"India is one of the lesser impacted economies (by China devaluation, slowdown), partly because our own fundamentals are reasonably strong," Jaitley said while briefing reporters on Prime Minister Narendra Modi's meeting here with Union Ministers, corporate heads and economists to discuss the global markets' turmoil sparked off by the Chinese economic slowdown and attendant opportunities for India.

"The main thrust of the meeting was that since India is relatively touched little except for a transient impact on the markets, it should therefore strengthen its domestic economy so that the larger benefits of the global economy may come India's way," he said.

"Being a net importer of commodities globally, the low oil prices are an opportunity for us," the Finance Minister added. Global crude oil in free fall touched the USD 40-a-barrel mark in trading late in August, having already dropped under USD 50 for the second time this year from the level of over USD 100 last year.

The meeting, that lasted over three hours, discussed the global situation that impacted India economically like a possible hike in the US Federal Reserve rate, the world powers' nuclear deal with Iran contributing partly to cheaper oil and the way the Chinese slowdown opens up opportunities.
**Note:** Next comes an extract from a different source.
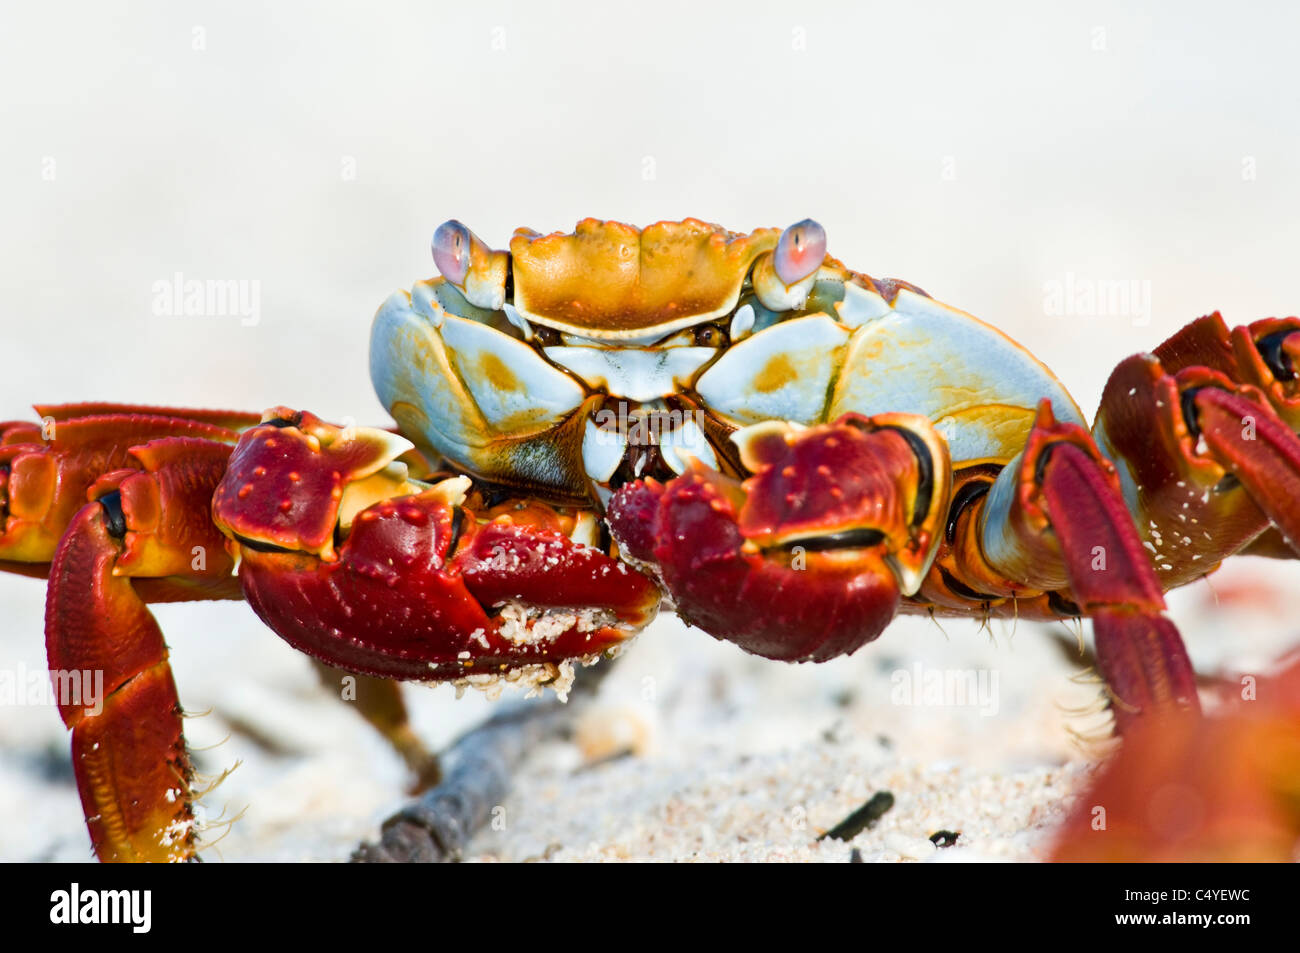 Sally Lightfoot crab eating on beach sur l'Île Baltra aux Îles Galapagos Équateur Banque D'Images

A slowdown in the Chinese markets, which led to global markets' crash, coupled with rupee volatility and the risk of a US rate hike, knocked out the Indian equity markets in August.Reserve Bank Governor Raghuram Rajan, NITI Aayog Vice Chairman Arvind Panagariya, Chief Economic Advisor Arvind Subramanian and Aayog member Bibek Debroy also attended the meeting on 'Recent Global Events: Opportunities for India'.